Dataset excerpt:
____________
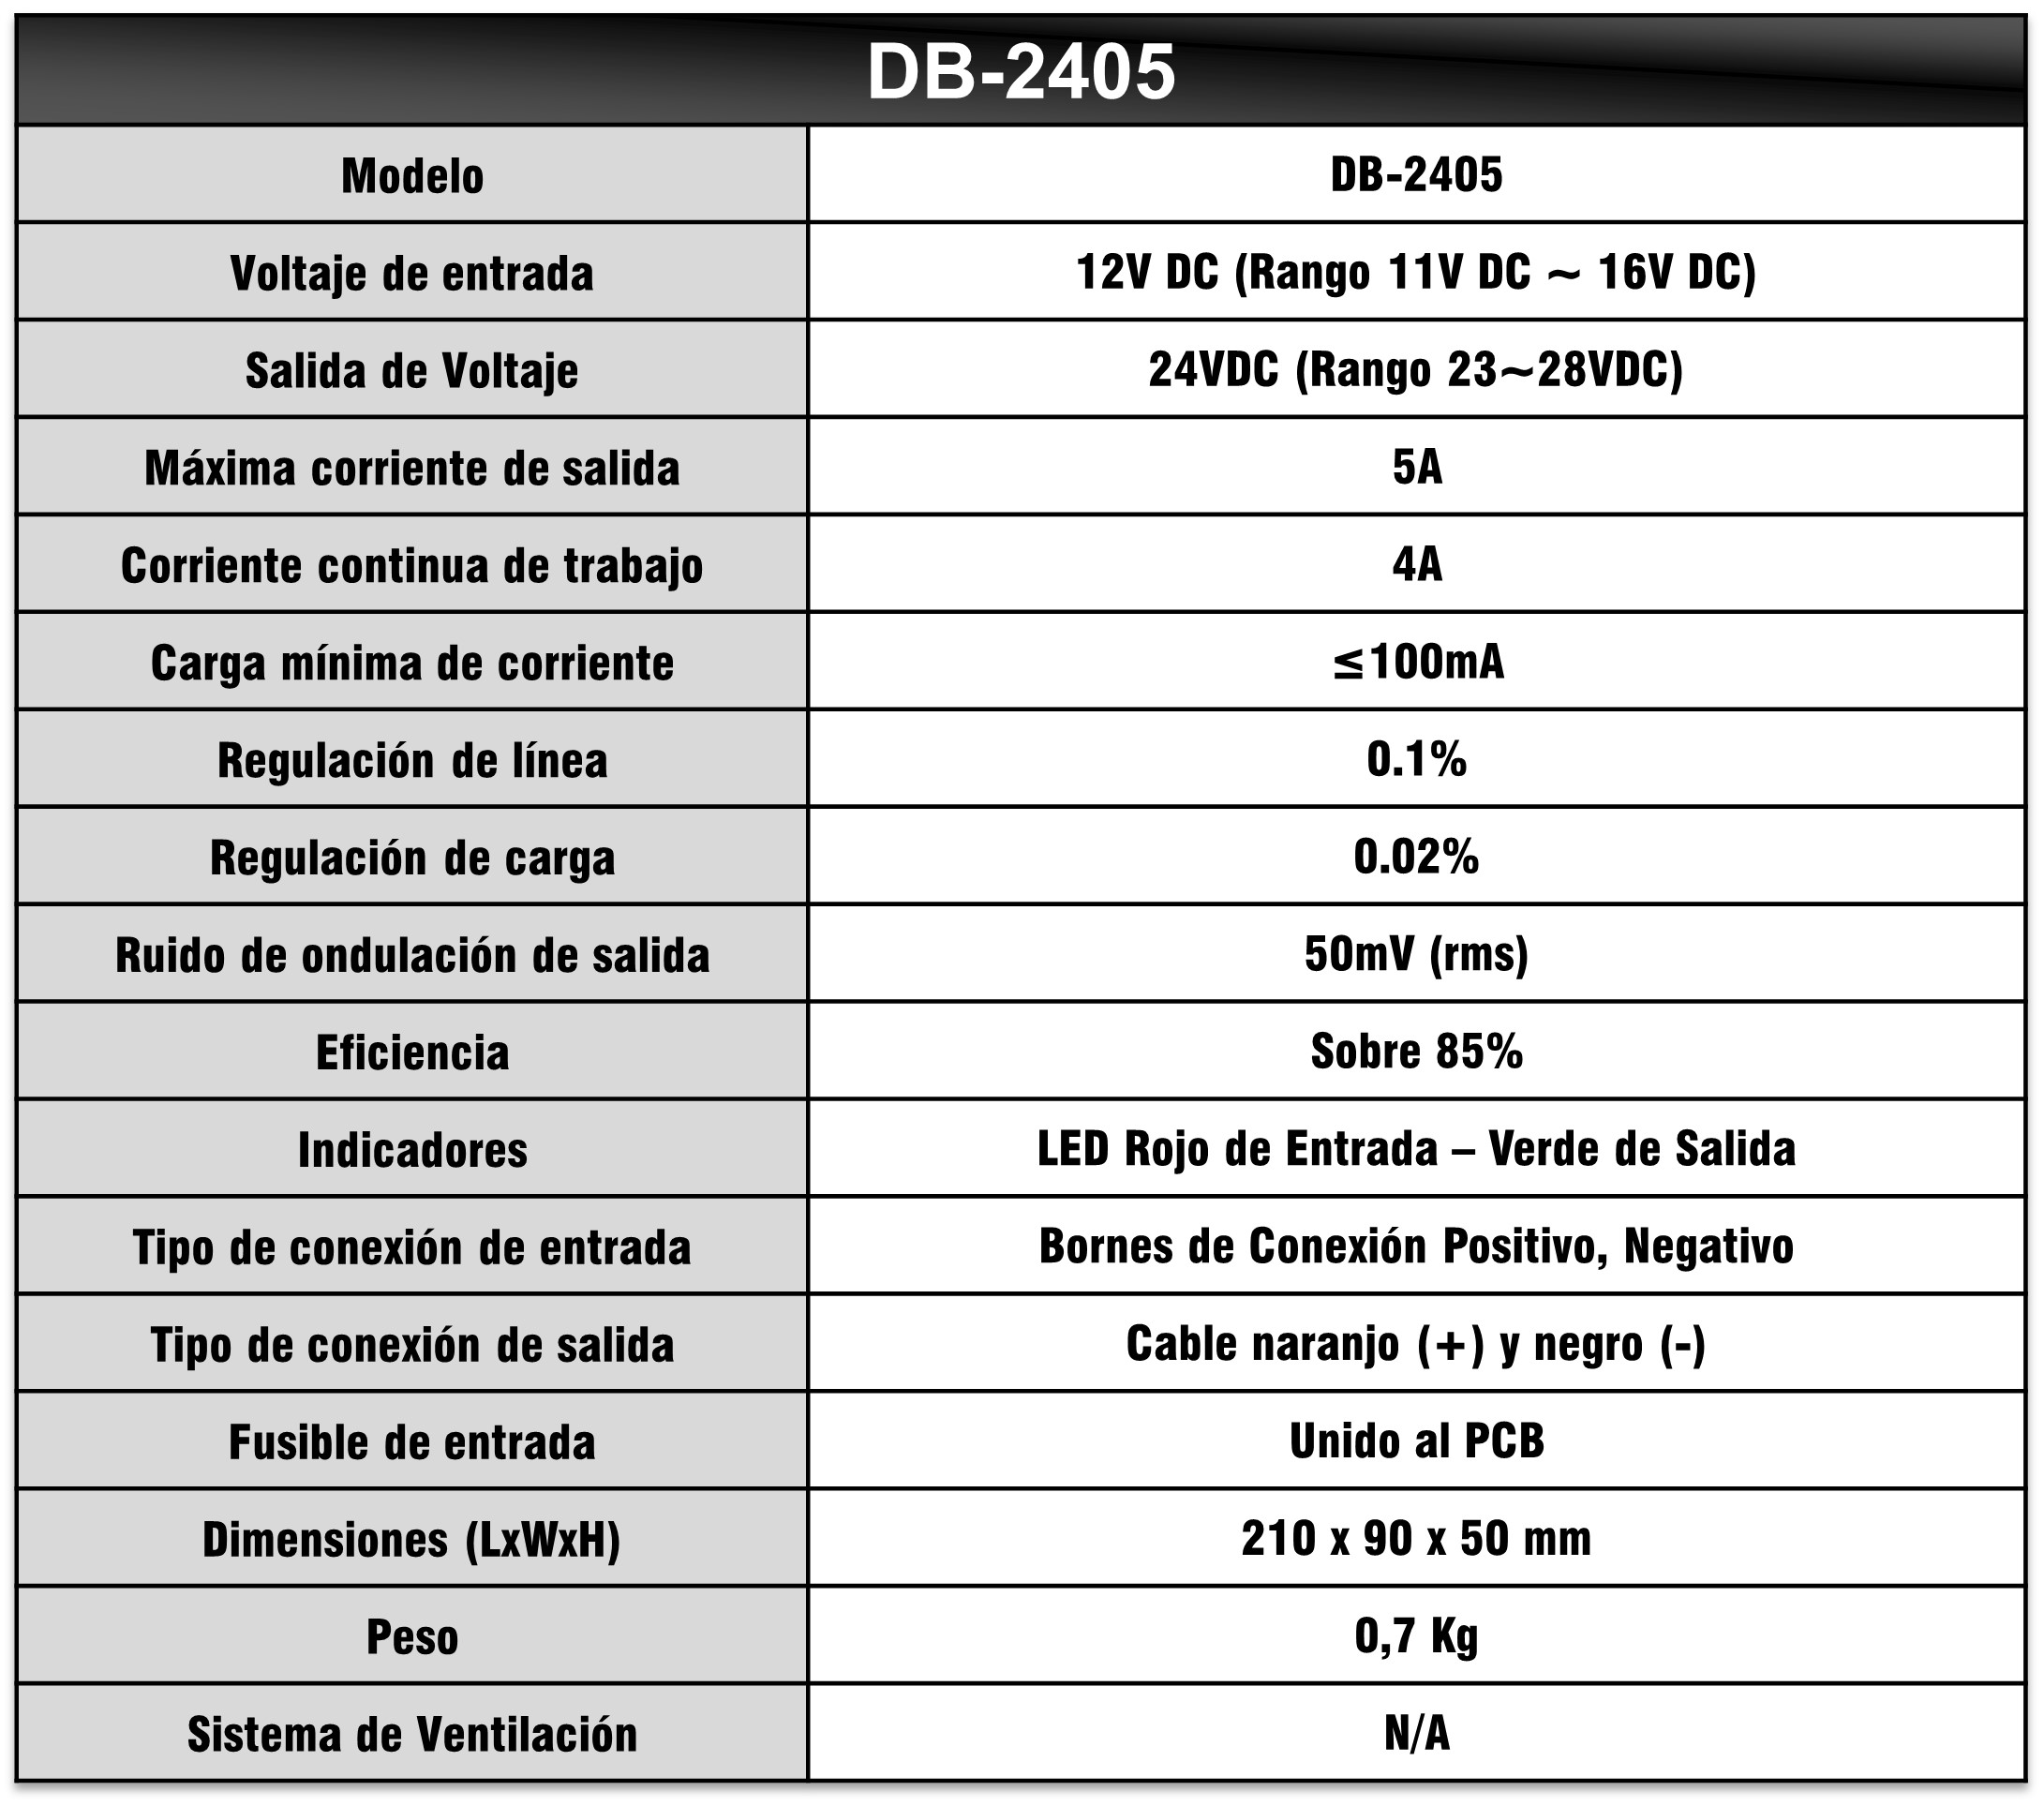 Especificaciones conversor DB-2405
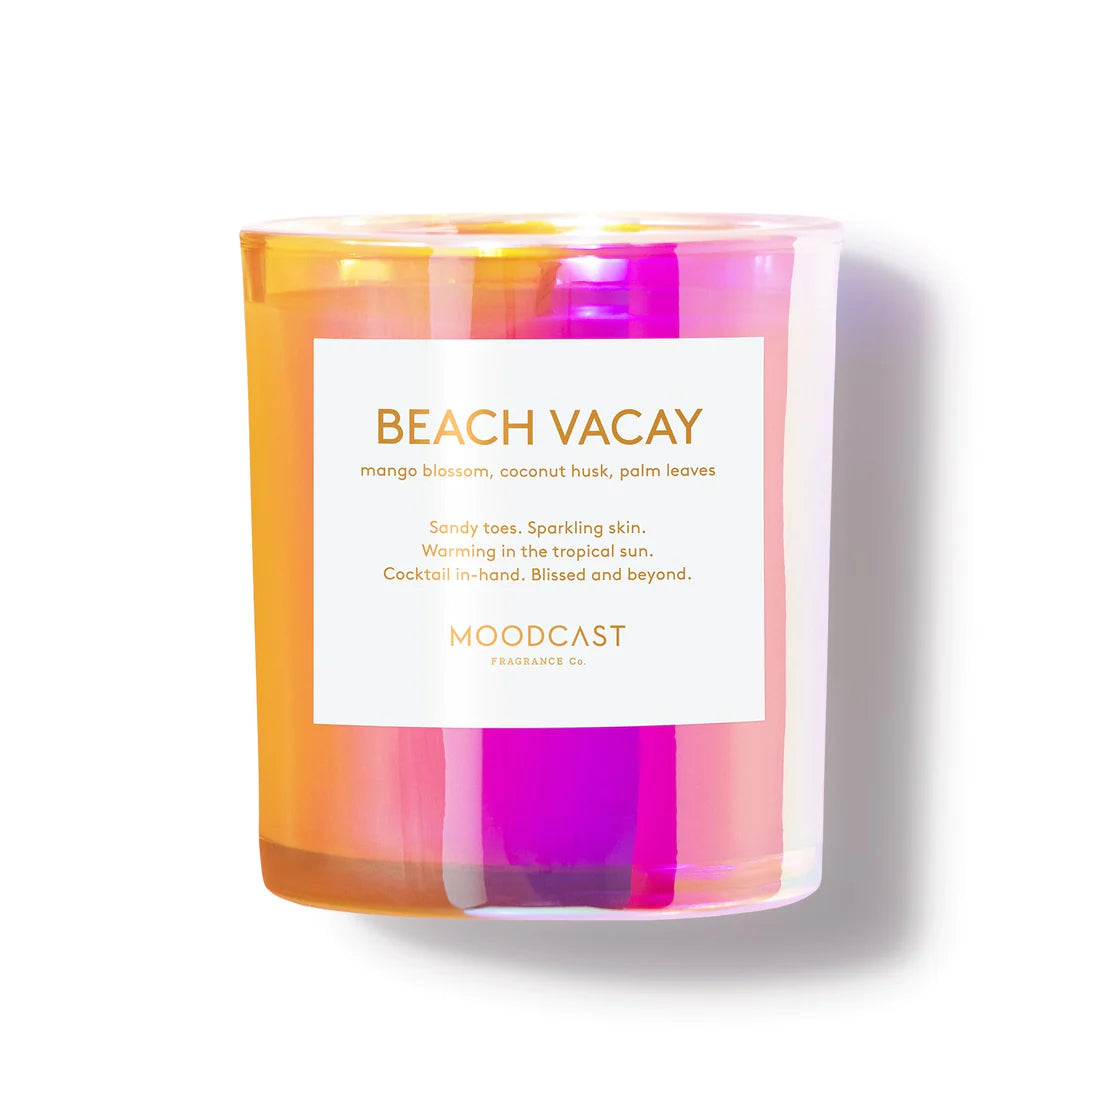 Moodcast Fragrance Co. Beach Vacay Candle 8oz.
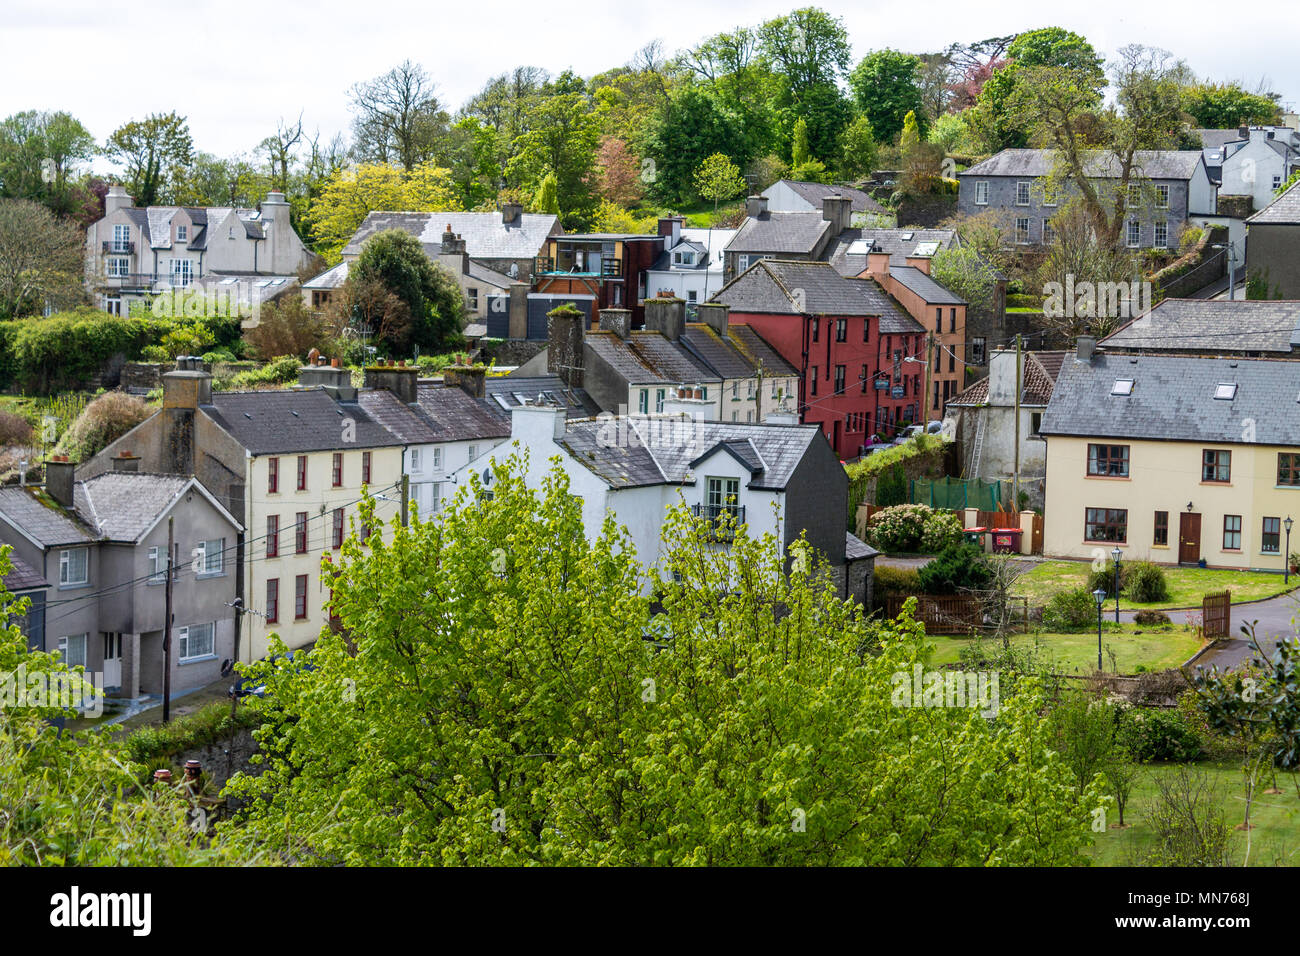 Bunt bemalte Häuser in einem ländlichen Dorf in Irland castletownshend, County Cork, Irland. Stockfoto
____________
Exercise goal:
Your response must reproduce every line of the data exactly, with images omitted.

The completed task:
 Especificaciones conversor DB-2405
 Moodcast Fragrance Co. Beach Vacay Candle 8oz.
 Bunt bemalte Häuser in einem ländlichen Dorf in Irland castletownshend, County Cork, Irland. Stockfoto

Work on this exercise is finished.